The deal carries an equity value of $52.54 billion according to Reuters calculations. Electronic Arts said the transaction involves around $36 billion in equity investment and $20 billion in debt financing committed by JPMorgan.
Of the debt financing, $18 billion is expected to be funded when the transaction closes. The funding will come from a combination of cash from the consortium members and a rollover of the Public Investment Fund’s existing stake in EA.
The timing comes as the gaming industry shows signs of recovery from a prolonged downturn. Deep-pocketed investors are betting on the lasting value of major game franchises as the sector stabilizes.
For EA specifically, the company is banking heavily on its core sports portfolio and action shooter properties. The publisher is preparing to launch the highly anticipated “Battlefield 6” title in an environment where gamers increasingly stick to proven franchises.
EA’s sports games have provided consistent revenue for over a decade. The global popularity of these titles generates strong recurring income through in-game spending patterns that have proven durable over time.
Deal Structure and Timeline
The complex financing structure reflects the scale of the transaction. JPMorgan has committed to provide the $20 billion debt package that will help fund the acquisition alongside the equity contributions.
The transaction is expected to close in the first quarter of fiscal year 2027. This timeline allows for the necessary shareholder votes and regulatory approvals that deals of this size typically require.

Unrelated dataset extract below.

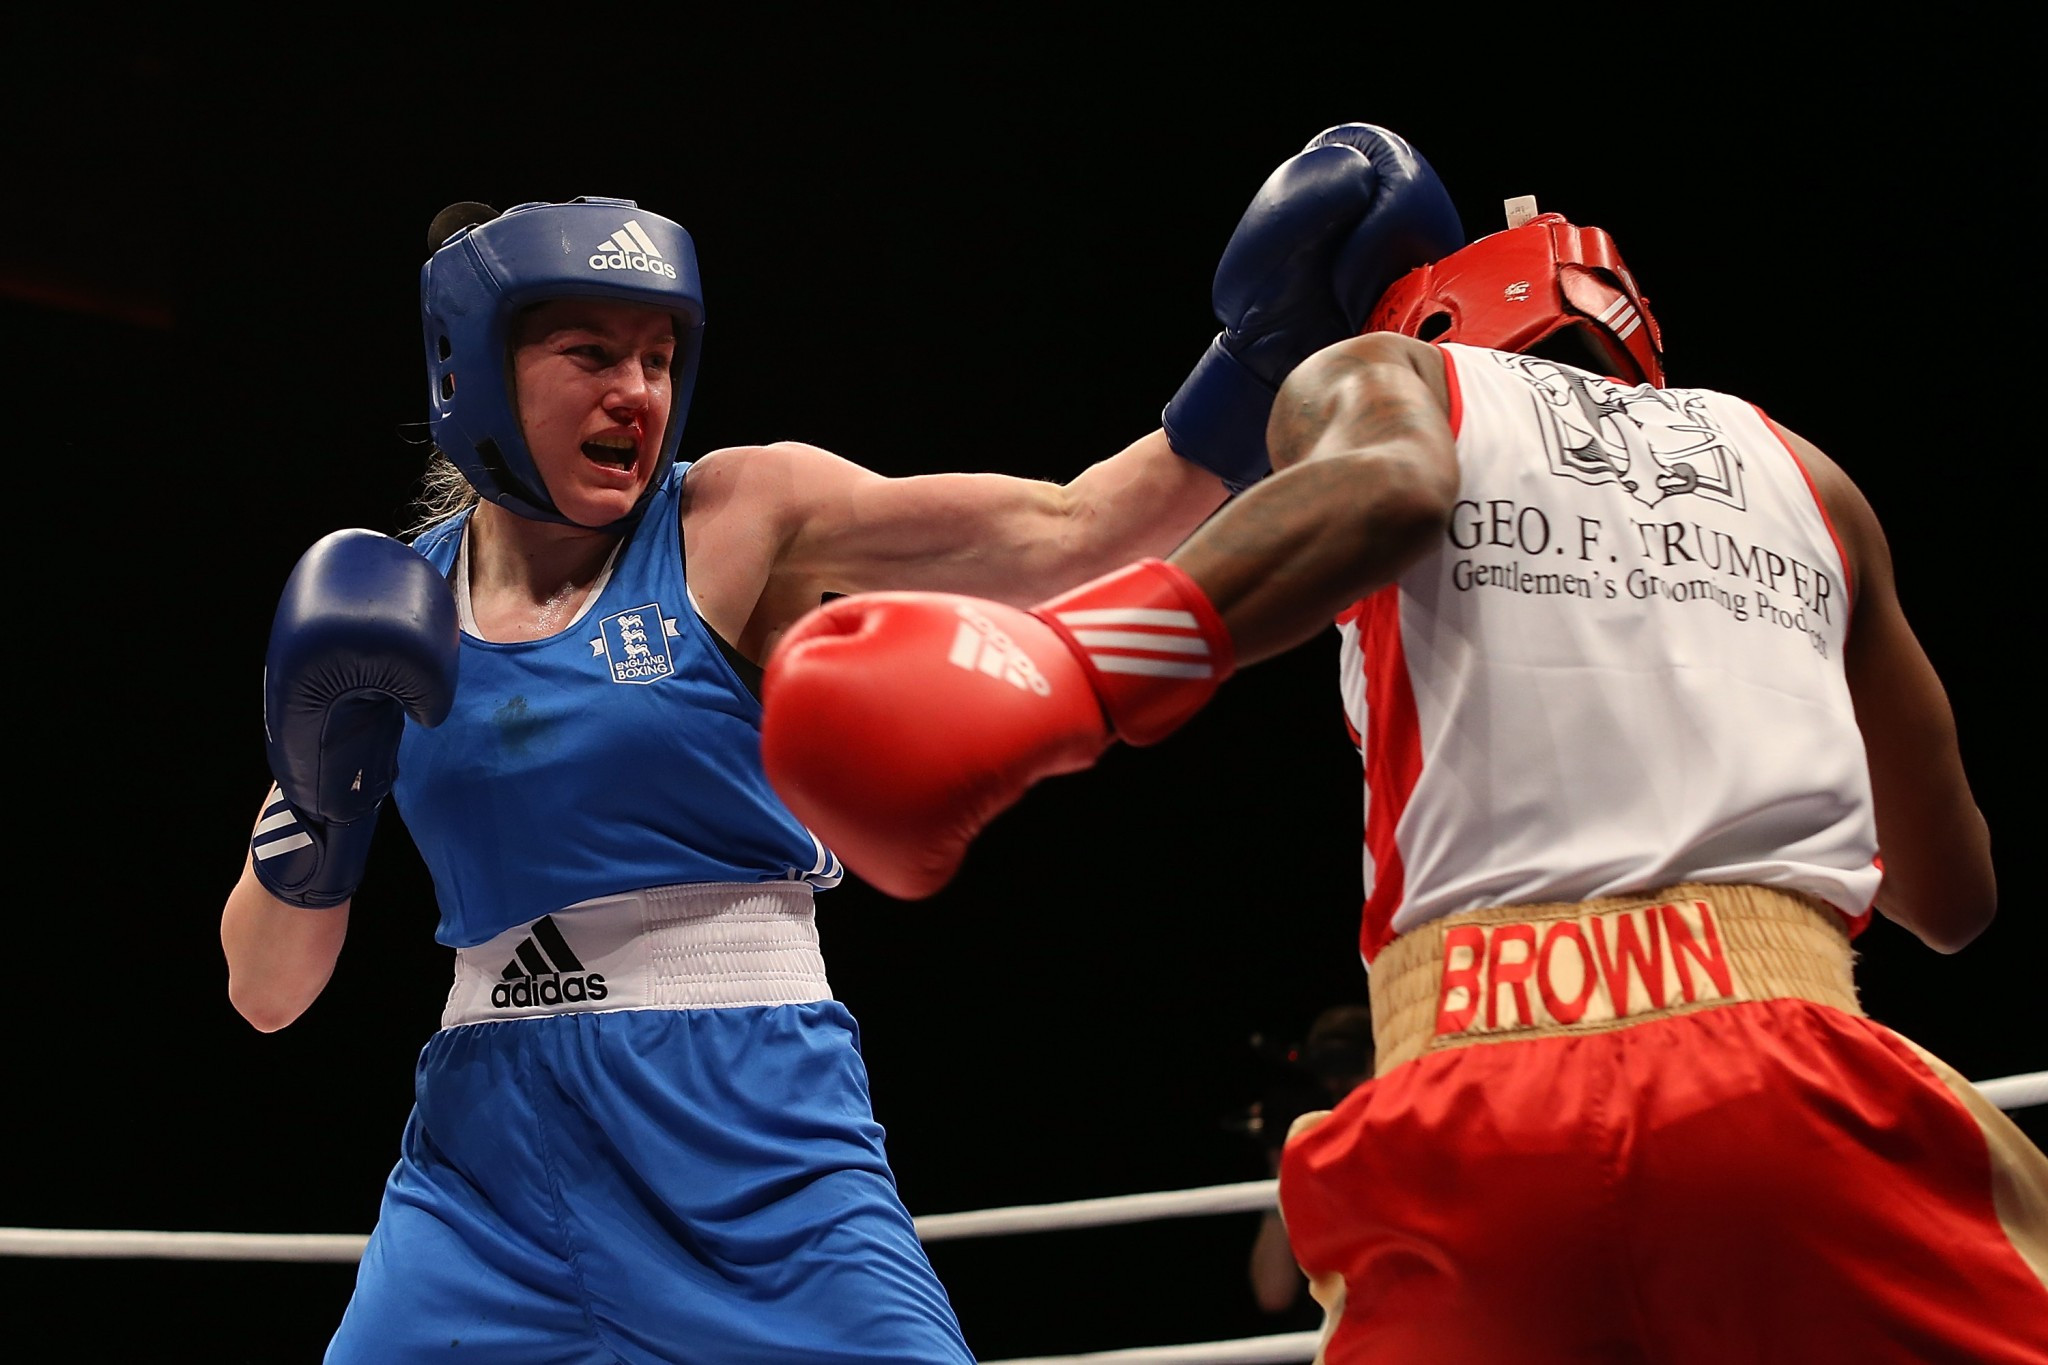 Paige Murney suffered defeat in her 64kg semi-final ©Getty Images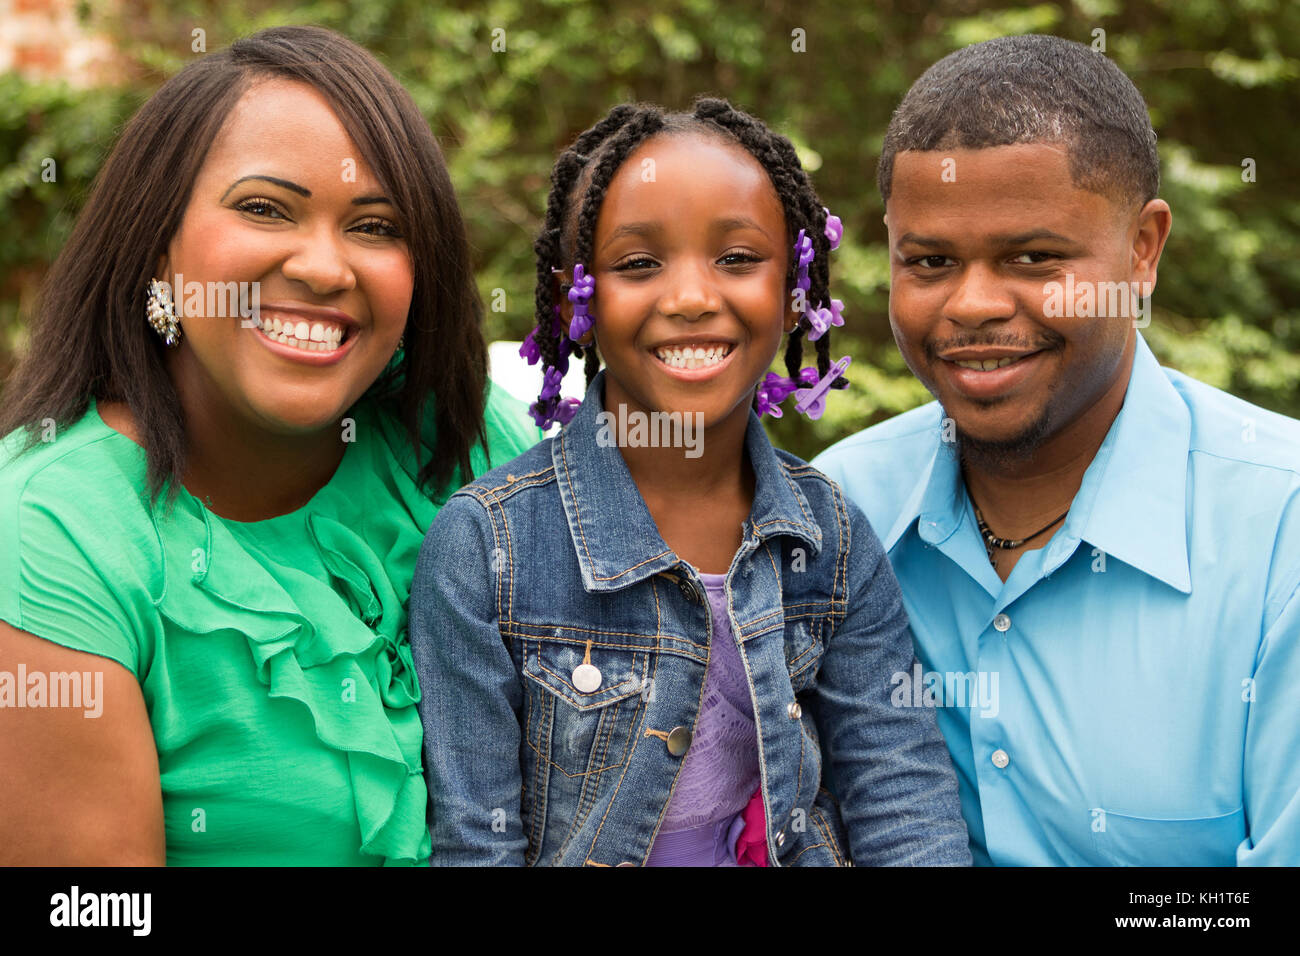 Portrait Of Happy African American Family. Stockfoto

Both sides face financial penalties if the deal falls apart under certain conditions. EA must pay a $1 billion termination fee if it backs out due to a board reversal, accepts a higher competing bid, or pursues another deal within a year of shareholders rejecting this offer.
The consortium faces the same $1 billion penalty if regulatory delays push completion past September 28, 2026, or if they breach the merger agreement. These fees are designed to keep both parties committed to completing the transaction.
Analyst Perspectives
Some analysts question whether the $210 per share offer fully captures EA’s potential value. Benchmark analysts noted that while the price “may appear compelling,” they believe it “falls materially short of the company’s intrinsic value.”
They pointed to the upcoming Battlefield 6 launch and a development pipeline that could generate more than $2 billion in additional bookings by fiscal year 2028. This suggests EA’s “true earnings power is only beginning to emerge” in their view.
The deal comes as global dealmaking activity rebounds thanks to easing borrowing costs. This environment has revived investor appetite for large-scale transactions that were largely absent during the higher interest rate period.
The transaction involves a rollover of the Public Investment Fund’s existing stake in EA, indicating the Saudi sovereign wealth fund was already an investor in the gaming company before agreeing to participate in taking it private.